I created a new core to accept daily updates and replicate every 10 sec.
Two other cores with 234 Million documents are configured to replicate only
once a day.
I am feeding all three cores but two big cores are not replicating. While
searching I am running a group.field on my unique id and taking the most
updated one. Right now it looks fine.Every day I am going to delete the
last day's records from the daily update.

I am planning to use rsync for replication, it will be fusion IO to fusion
IO , so hopefully will be very fast. What do you think ?

We use windows service ( written in dot net C#) to feed the data using REST
call. That is really fast , we can feed more than 15 Million data in a day
to two cores easily. I am using solr config autocommit = 5 sec

I could not figure out how I was able to achieve those numbers in my test
environment, all configuration were same except I had lot less memory in
test  ! I am trying to find out what I am missing in other configuration.
My SLES kernel version is different in production, its a 3.0.*  , test was
2.6.* but I do not think that can cause a problem.

Thank you again,
Mou

On Wed, Jul 18, 2012 at 6:26 PM, Erick Erickson [via Lucene] 
ml-node+s472066n3995861...@n3.nabble.com wrote:

 Replication will indeed be incremental. But if you commit too often (and
 committing too often a common mistake) then the merging will
 eventually merge everything into new segments and the whole thing will
 be replicated.

 Additionally, optimizing (or forceMerge in 4.x) will make a single segment
 and force the entire index to replicate.

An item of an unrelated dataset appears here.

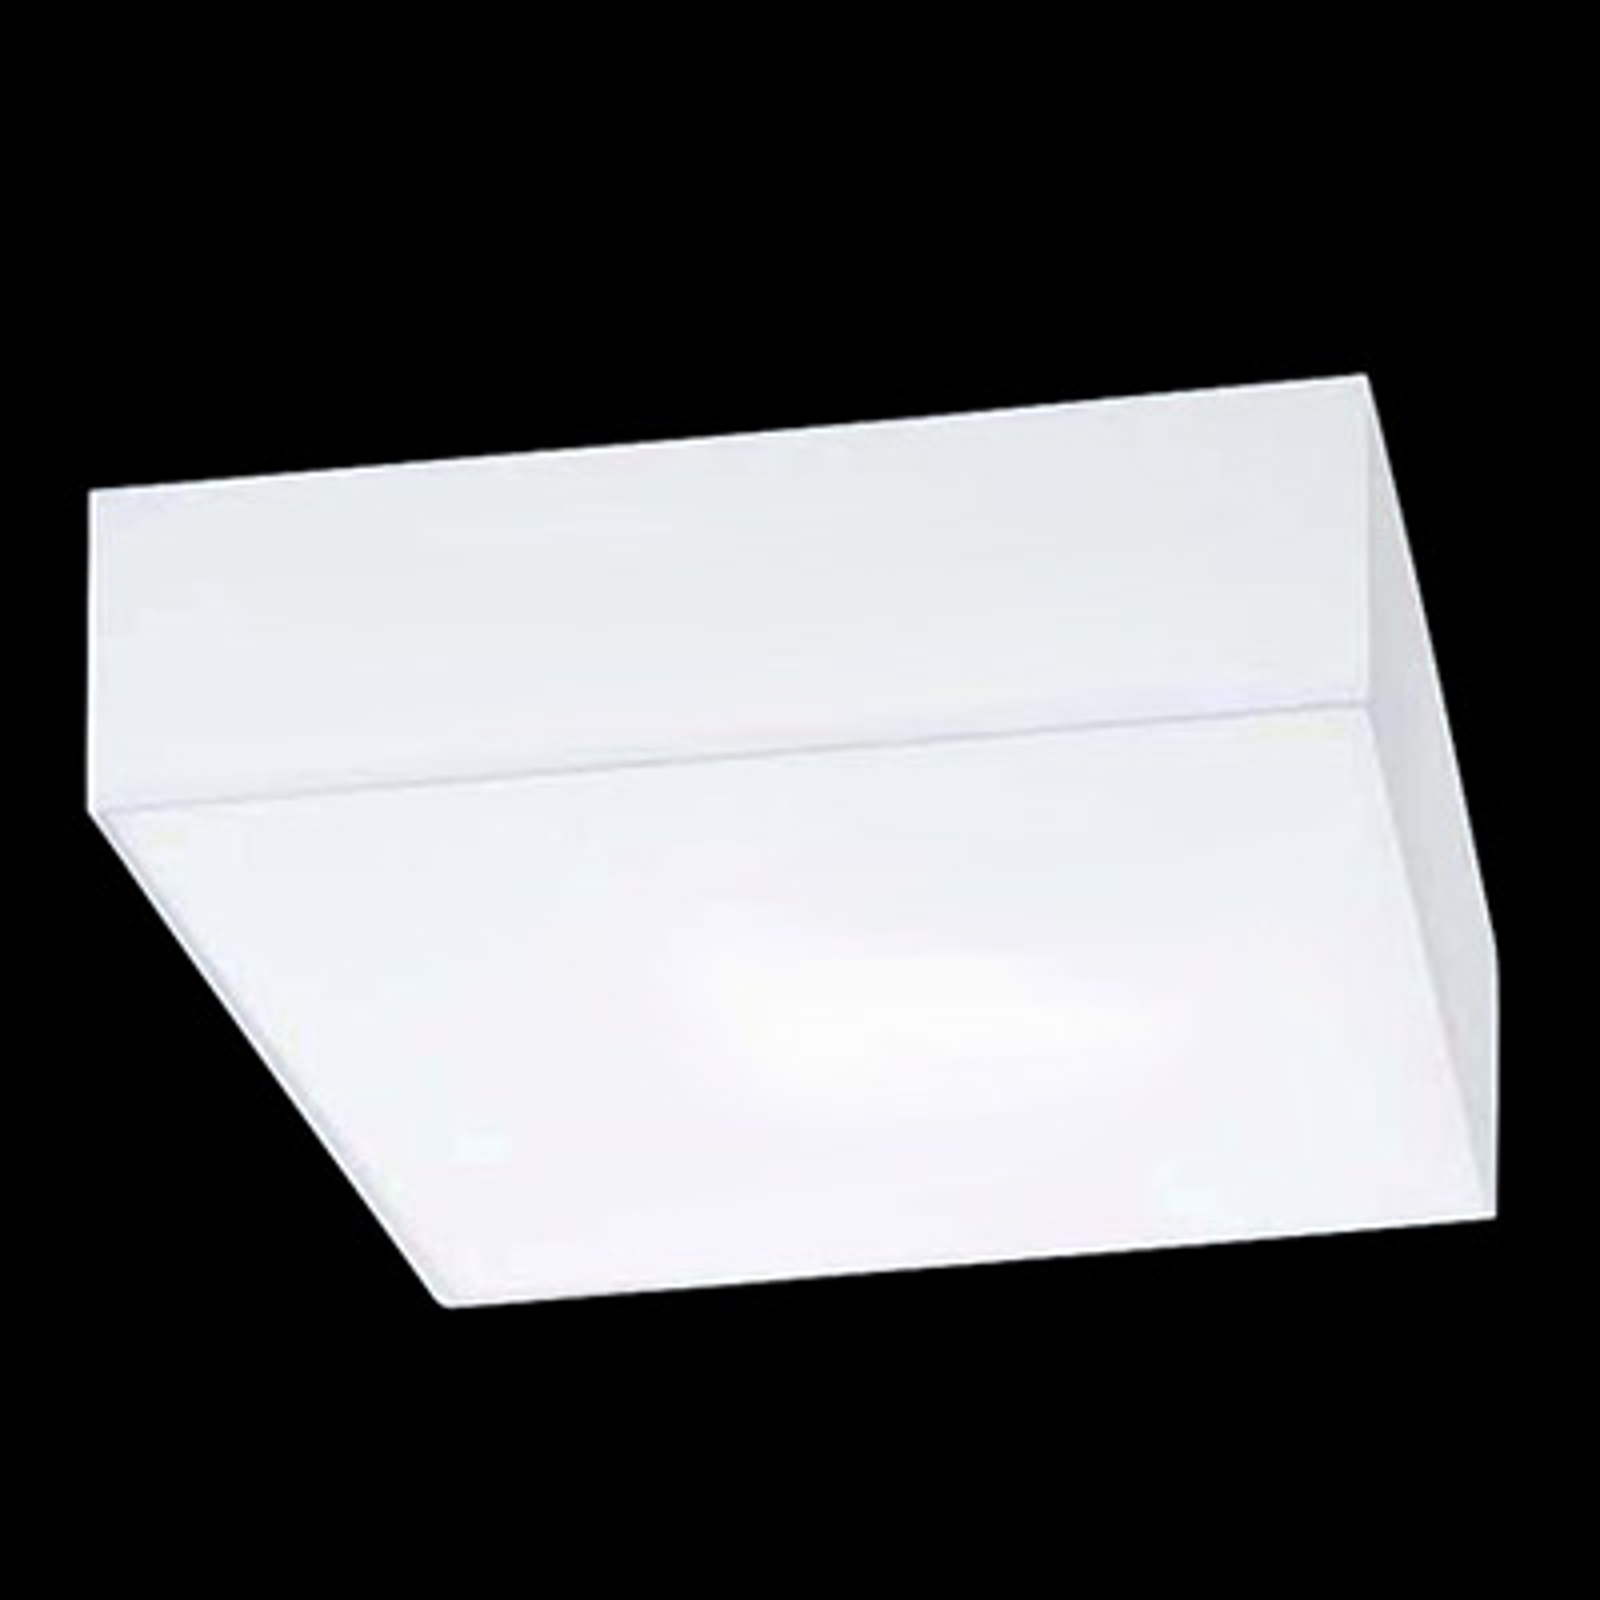 Kvadratisk taklampe Cuba Hela, hvit

 You should emphatically _not_ have to have two cores. Solr is built to
 handle replication etc. I suspect your committing too often or some
 other mis-configuration and you're creating a problem for yourself.

 Here's what I'd do:
 1 increase the polling interval to, say, 10 minutes (or however long you
 can
 live with stale data) on the slave.

 2 decrease the commits you're  doing. This could involve the autocommit
 options
 you might have set in solrconfig.xml. It could be your client (don't
 know how you're
 indexing, solrJ?) and the commitWithin parameter. Could be you're
 optimizing (if you
 are, stop it!).

 Note that ramBufferSizeMB has no influence on how often things are
 _committed_.
 When this limit is exceeded, the accumulated indexing data is written
 to the currently-open
 segment. Multiple flushes can go to the _same_ segment. The write-once
 nature of
 segments means that after a segment is closed (through a commit), it
 is not changed. But
 a segment that is not closed may be written to multiple times until it's
 closed.

 HTH
 Erick

 On Wed, Jul 18, 2012 at 1:25 PM, Mou [hidden 
 email]http://user/SendEmail.jtp?type=nodenode=3995861i=0
 wrote:

  Hi Eric,
 
  I totally agree. That's what I also figured ultimately. One thing I am
 not
  clear.  The replication is supposed to be incremental ?  But looks like
 it
  is trying to replicate the whole index. May be I am changing the index
 so
  frequently, it is triggering auto merge and a full replication ? I am
  thinking in right direction?
 
  I see that when I start the solr search instance before I start feeding
 the
  solr Index, my searches are fine BUT it is using the old searcher so I
 am
  not seeing the updates in the result.
 
  So now I am trying to change my architecture. I am going to have a core
  dedicated to receive daily updates, which is going to be 5 million docs
 and
  size is going to be little less than 5 G, which is small and replication
  will be faster?
 
  I will search both the cores i.e. old data and the daily updates and do
 a
  field collapsing on my unique id so that I do not return duplicate
 results
  .I haven't tried grouping results ; so not sure about  the performance.
 Any
  suggestion ?
 
  Eventually I have to use Solr trunk like you suggested.
 
  Thank you for your help,
 
  On Wed, Jul 18, 2012 at 10:28 AM, Erick Erickson [via Lucene] 
  [hidden email] http://user/SendEmail.jtp?type=nodenode=3995861i=1
 wrote:
 
  bq: This index is only used for searching and being replicated every 7
 sec
  from
  the master.
 
  This is a red-flag. 7 second replication times are likely forcing your
  app to spend
  all its time opening new searchers. Your cached filter queries are
  likely rarely being re-used
  because they're being thrown away every 7 seconds. This assumes you're
  changing your master index frequently.
 
  If you need near real time, consider Solr trunk and SolrCloud, but
  trying to simulate
  NRT with very short replication intervals is usually a bad idea.
 
  A quick test would be to disable replication for a bit (or lengthen it
  to, say, 10 minutes)
 
  Best
  Erick
 
  On Tue, Jul 17, 2012 at 10:47 PM, Fuad Efendi [hidden email]
 

Re: Solr 4 Alpha SolrJ Indexing Issue

2012-07-18 Thread Yury Kats
On 7/18/2012 7:11 PM, Briggs Thompson wrote:
 I have realized this is not specific to SolrJ but to my instance of Solr. 
 Using curl to delete by query is not working either. 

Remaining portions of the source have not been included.